Data excerpt:
-*-
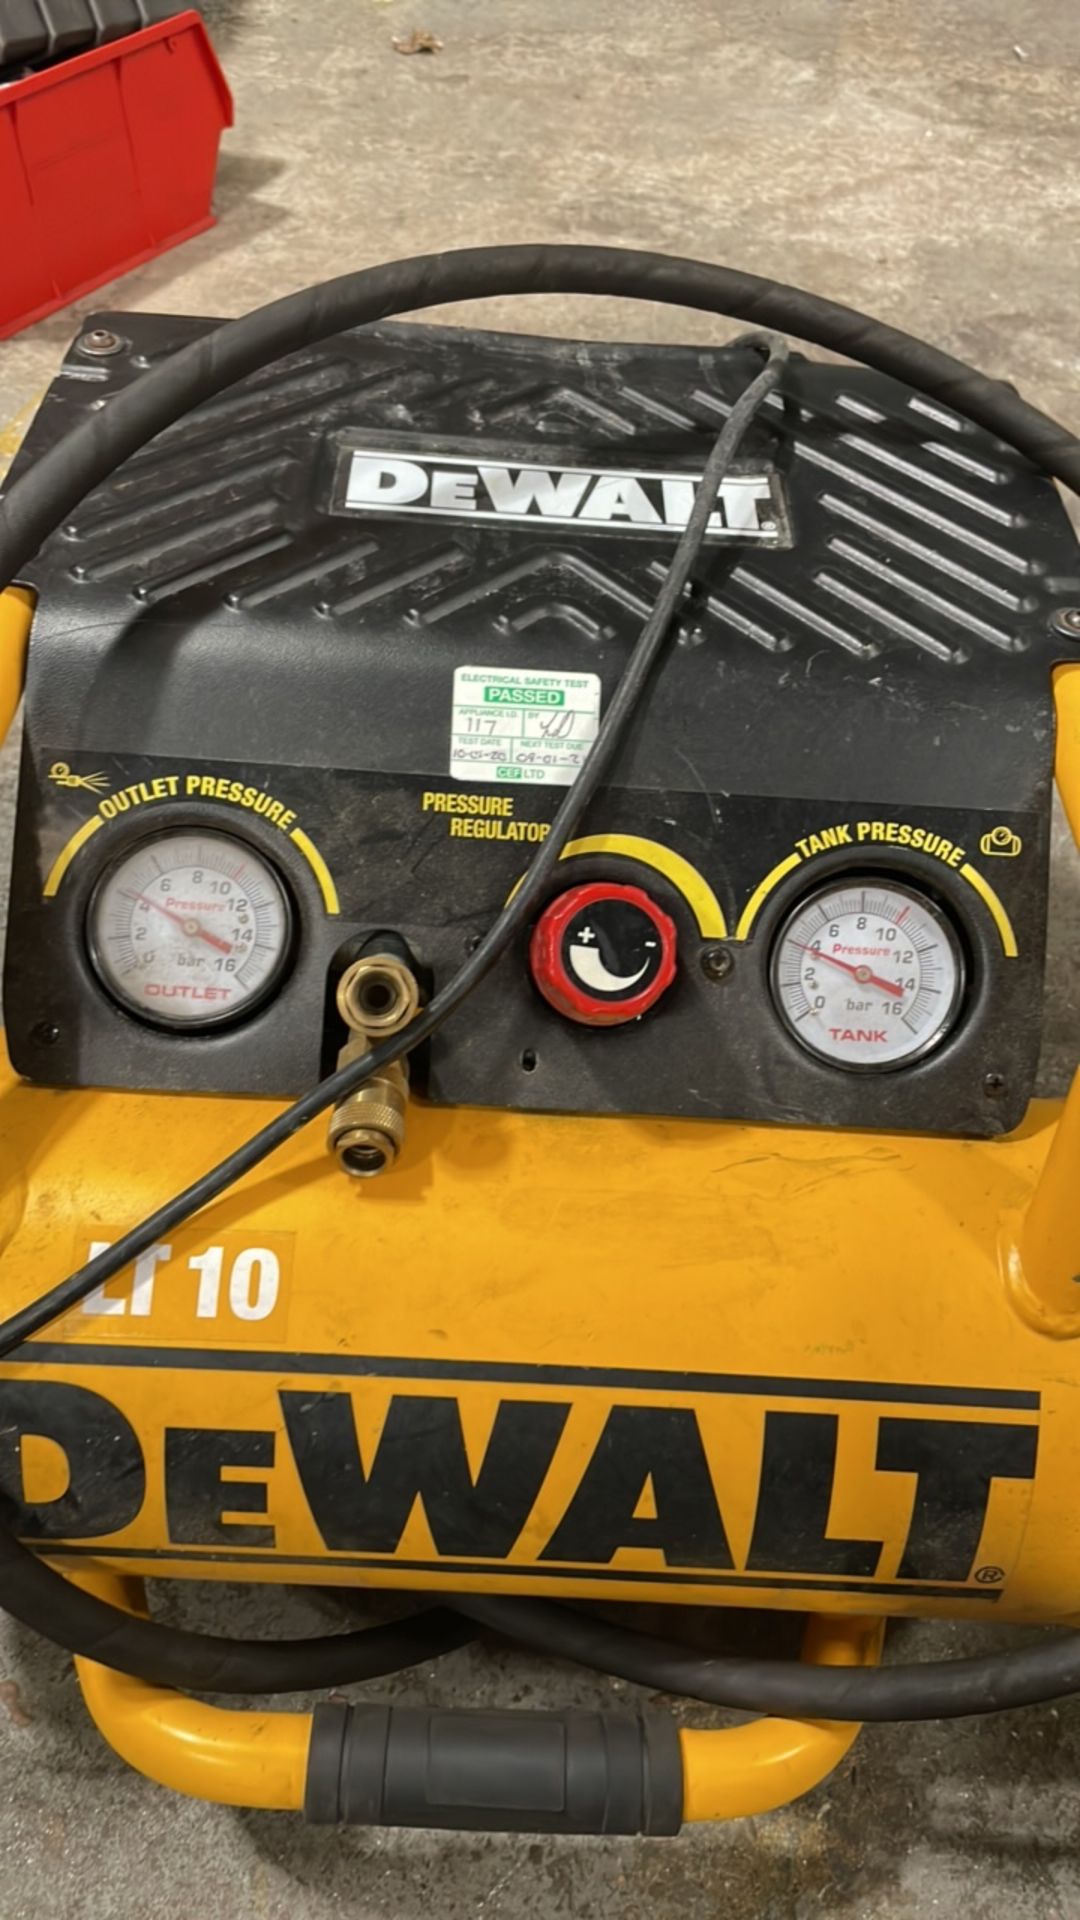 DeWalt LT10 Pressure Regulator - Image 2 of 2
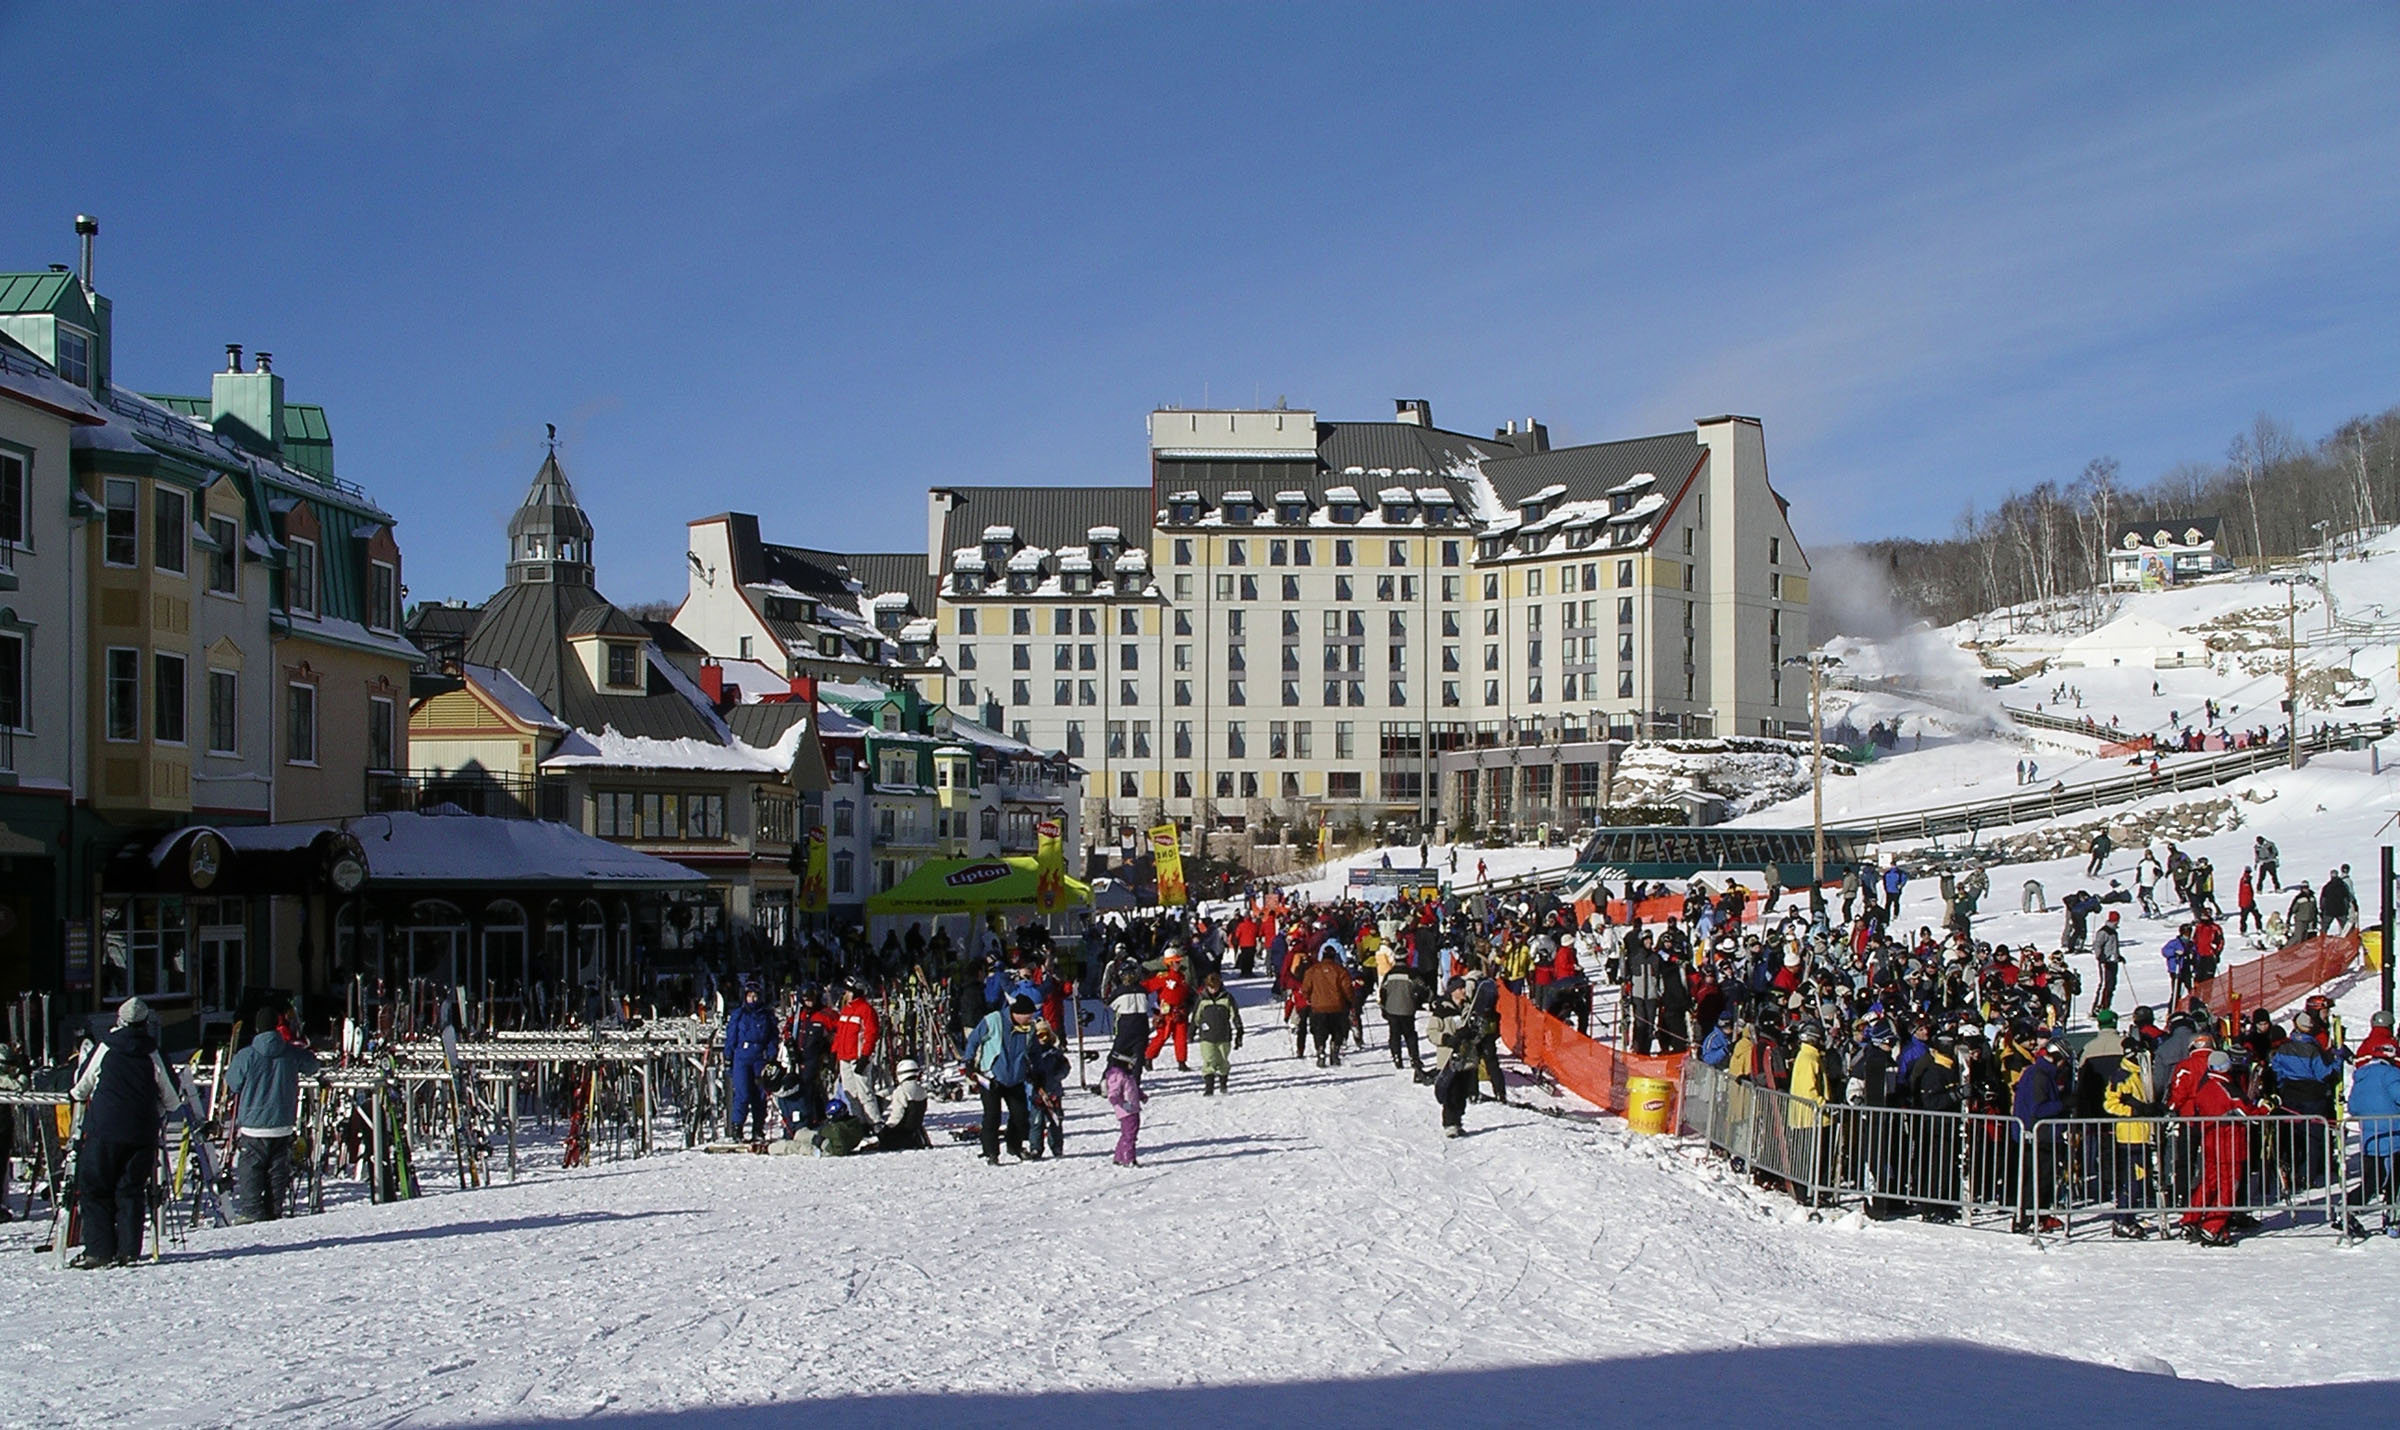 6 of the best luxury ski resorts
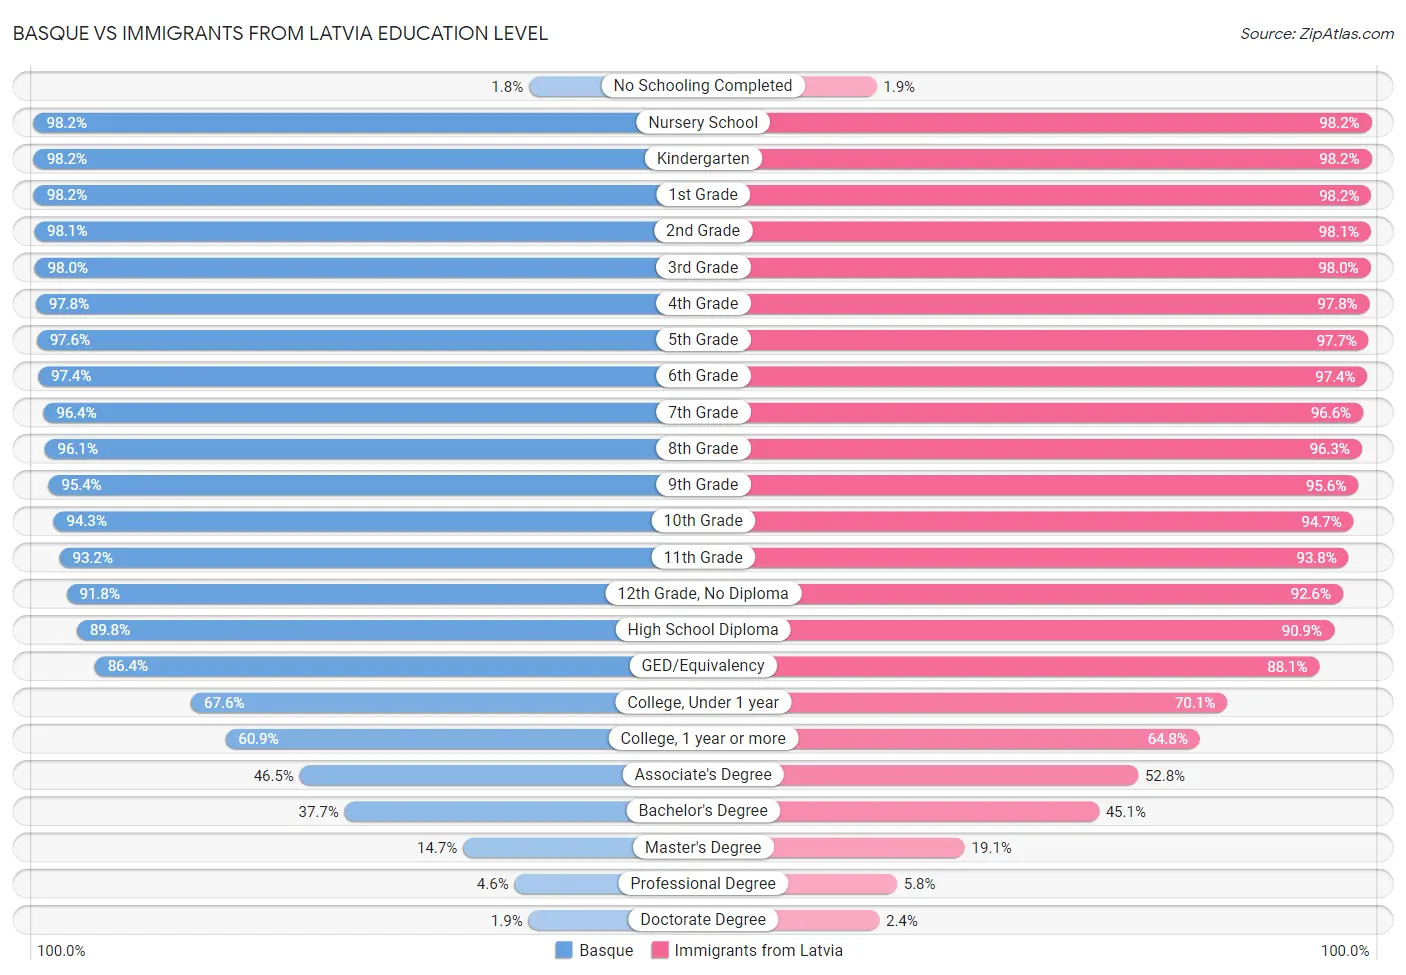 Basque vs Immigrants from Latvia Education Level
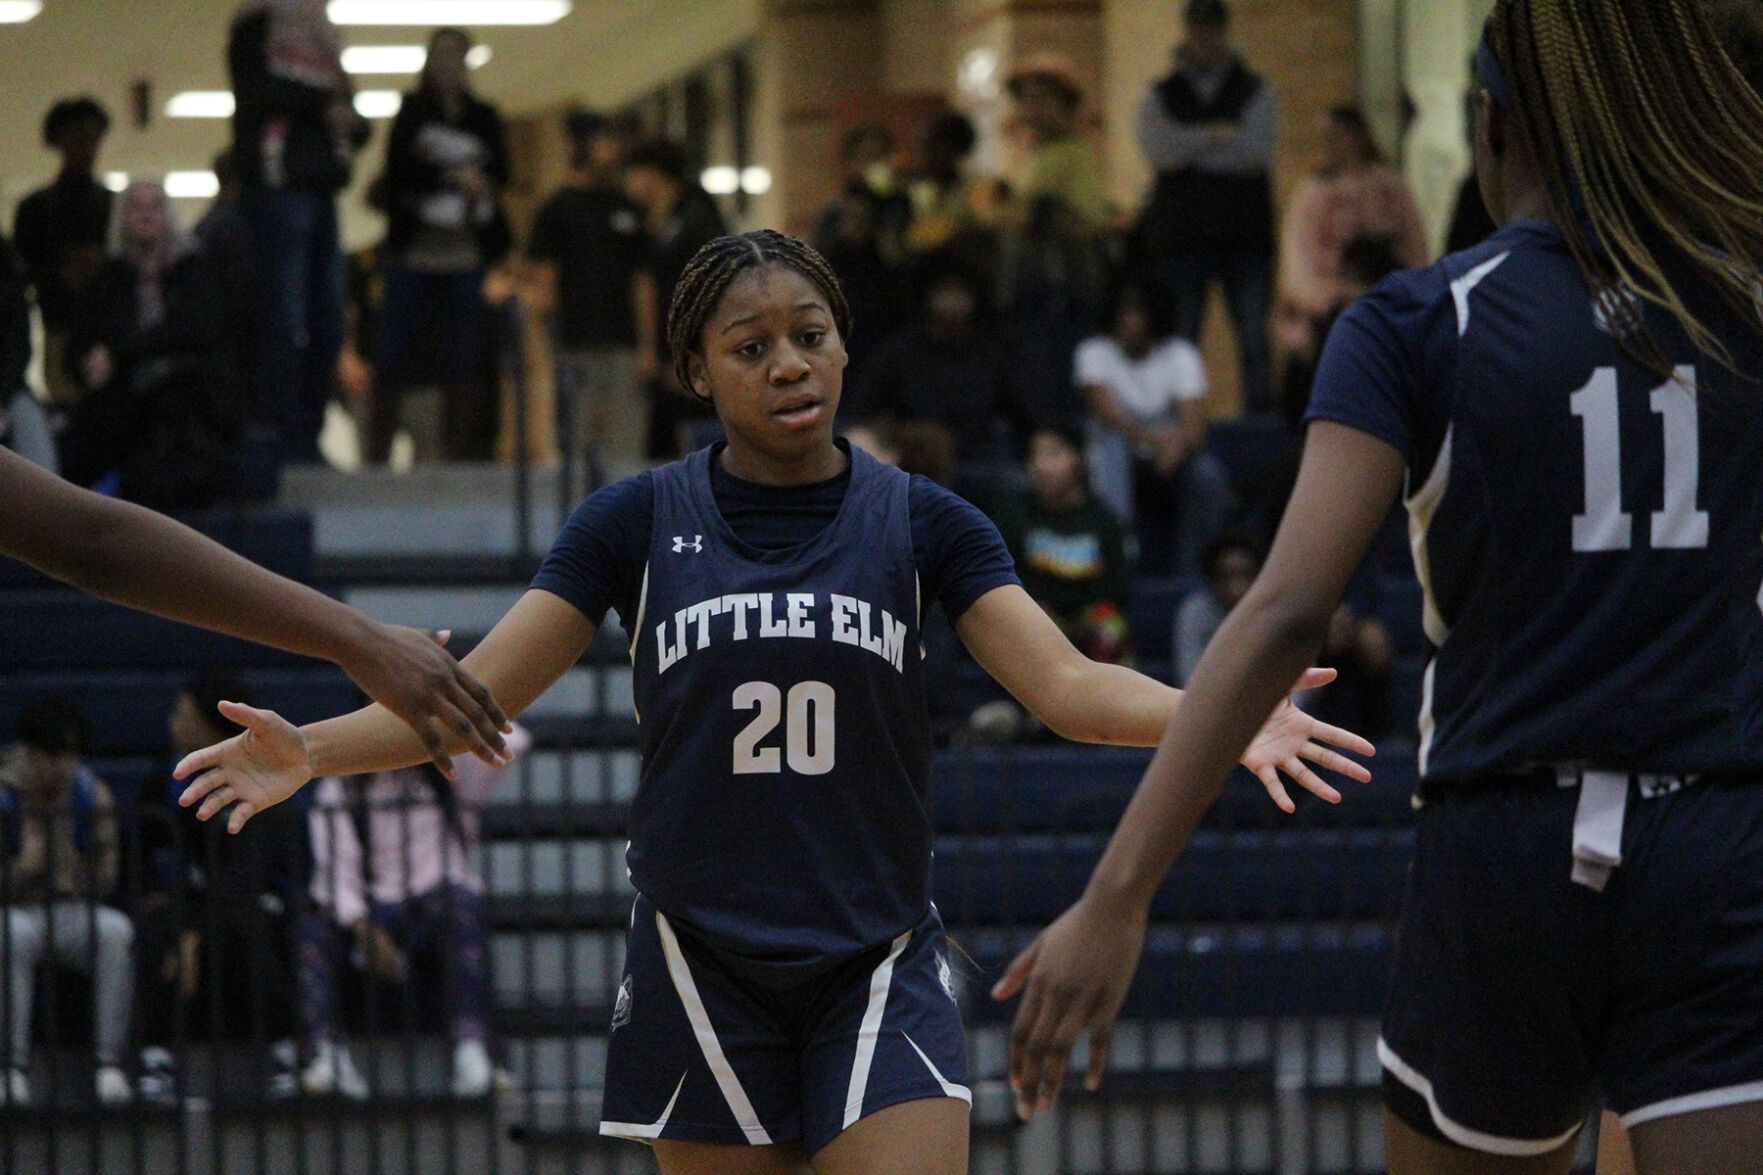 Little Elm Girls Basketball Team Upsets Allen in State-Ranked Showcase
-*-
Problem to work on: From the line holding "Basque vs Immigrants" through the last line of the material above, each line should be written out exactly, both included; omit the pictures.

Solution to this exercise:
 Basque vs Immigrants from Latvia Education Level
 Little Elm Girls Basketball Team Upsets Allen in State-Ranked Showcase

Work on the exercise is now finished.